As for Bradley’s personal setup, “The [Gretsch] USA Custom kit I have is a Champagne Sparkle finish, and then I have the 14-inch tom [on my left], 16-inch tom, and then a 12-inch rack. Then I do the Brooklyn chrome-over-brass snare, and then, yeah, [a] standard 22 kick.” And when it comes to her cymbal selection, she offers, “I feel the same way about Zildjian as I do about Gretsch. They don’t—well, they do make China cymbals, so they do make bad cymbals,” she laughs, “but their China cymbals are good for China cymbals … they’ve got a cymbal for every situation. Like, I have a whole set of studio cymbals that I would never use live, because it just doesn’t translate the same—but in the studio, they come to life, and they cut through just right. And then the live ones, maybe are a little too clunky for the studio, but they cut through in the live [show], so it just depends on the situation … also, not breaking is nice. They don’t break very often.”

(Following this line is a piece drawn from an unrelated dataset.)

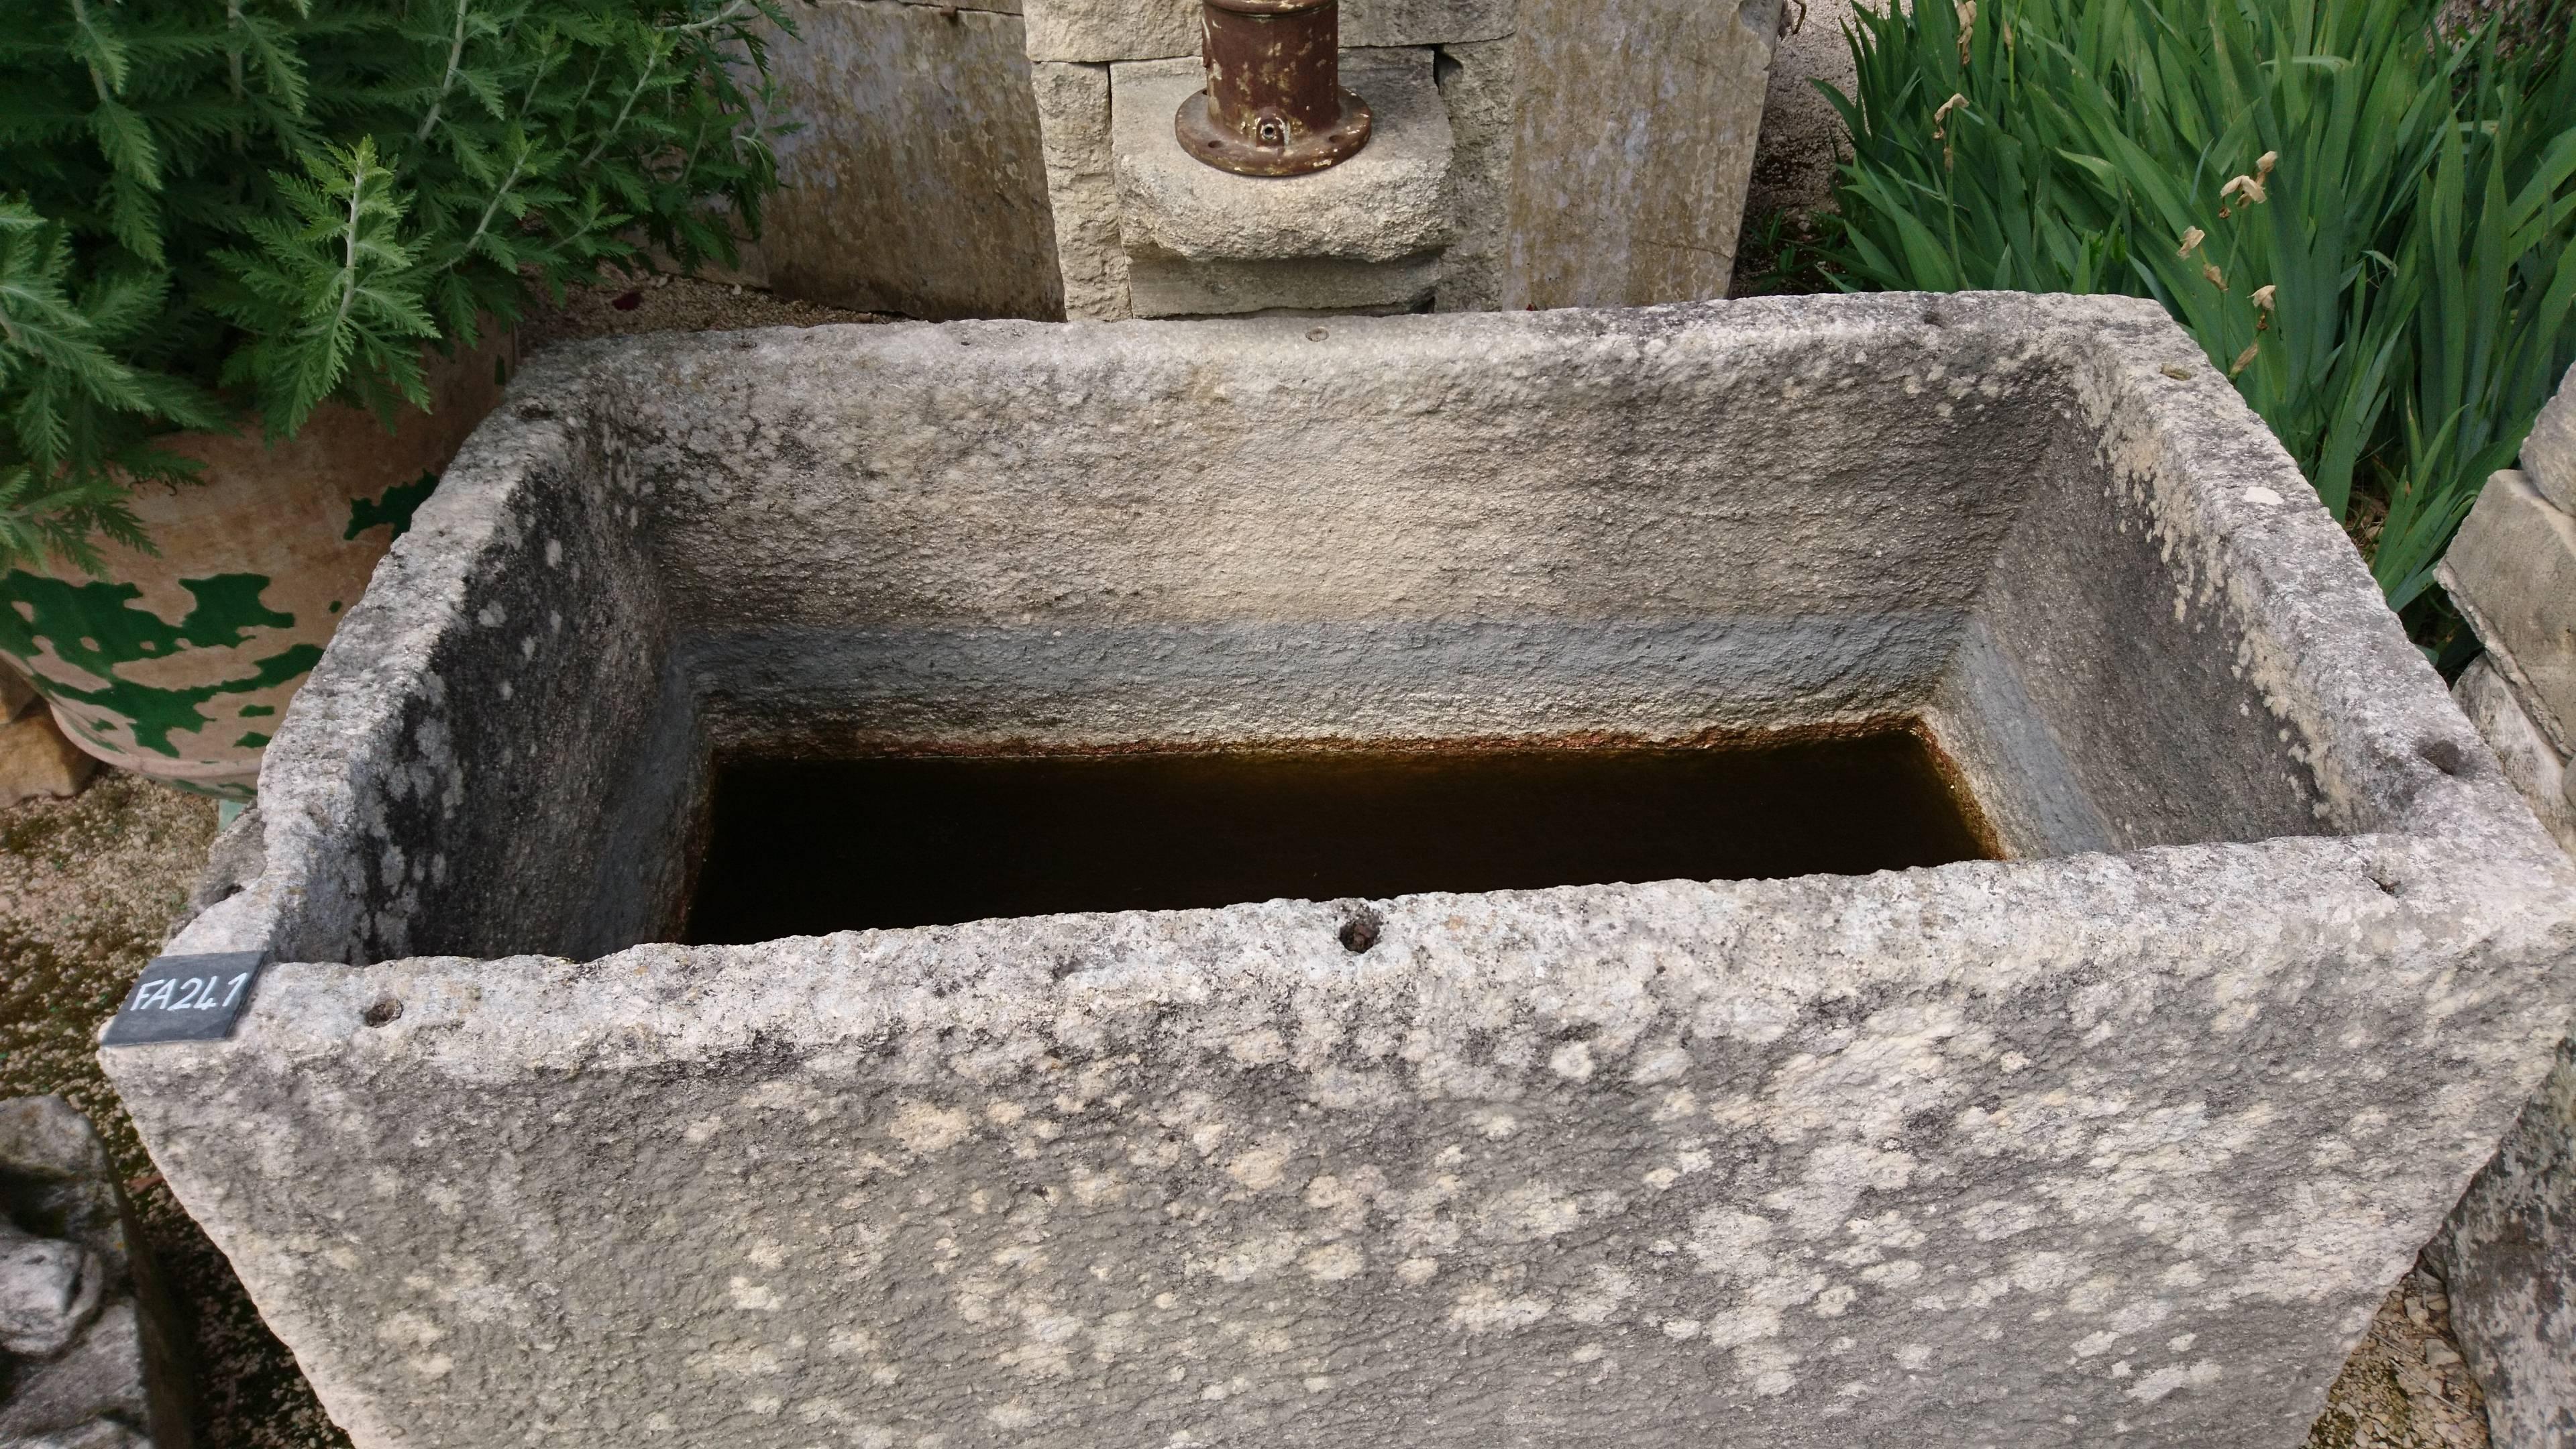 19th Century Antique Wall-Fountain with Ancient Manual Water Pump and Monolith Stone Basin For Sale

Simultaneously looking back at the career she has built, and forward at what’s yet to come, Bradley reflects on Neon Trees’ not-so-easy journey. “I think, Neon Trees specifically, the four of us, all have that same kind of drive and willingness to put out everything, even when you’re not getting so much in return. And we had, probably the worst year of our collective lives in 2007/2008 … we were at each other’s throats, and we were practicing, like, six hours a day, six days a week, it was just—it was gross, and gnarly, and we were taking any show, five people showing up was like a success, ‘But three of them bought shirts!’ … it’s funny to look at how that happened with Neon Trees, and how we handled it—because we all were on the same page … that was what I think made Neon Trees special, was the fact that we all went through that refiner’s fire together, at the same time, and never once thought, ‘Oh, this isn’t gonna work,’ or ‘Oh, this isn’t worth it.’ We never even talked like that. We talked like, ‘Okay well, when this, then this.’ And looking back, it’s kind of amazing—but, also really stupid,” she laughs. “I think that’s what’s great, is that drive that blinds your finer senses of disappointment … because you know that something better can and will come if you just hold out and do what you’re doing and get better and work at it. And we all believed that.”

Bradley offers a few final thoughts on trusting her success to her fellow bandmates. “It is scary, because you need all four to function, you know? But at the same time, there’s a great strength that comes with being with three other like-minded people,” she says. “If I were a solo artist, I think it would be a lot harder to maintain perspective. ’Cause, you know, we all have our ups and downs, and our deluded moments, and our, like, depressive moments, and what’s nice about being with three other people is that usually we don’t all have those moments at the same exact time. So, at least one of us can be the voice of reason, or the voice of positivity, or the voice of humility, you know? Like, ‘Hey, listen to yourself’—in whatever way you’re being—‘and come back to reality, ’cause this is what it is.’ And we can all be really grateful as well. We’re all able to kind of sit back and think about those terrible times we had, and then look at where we are and what we get to do, and feel really grateful and blessed. And I think that would be harder on my own. To remind myself to be normal.”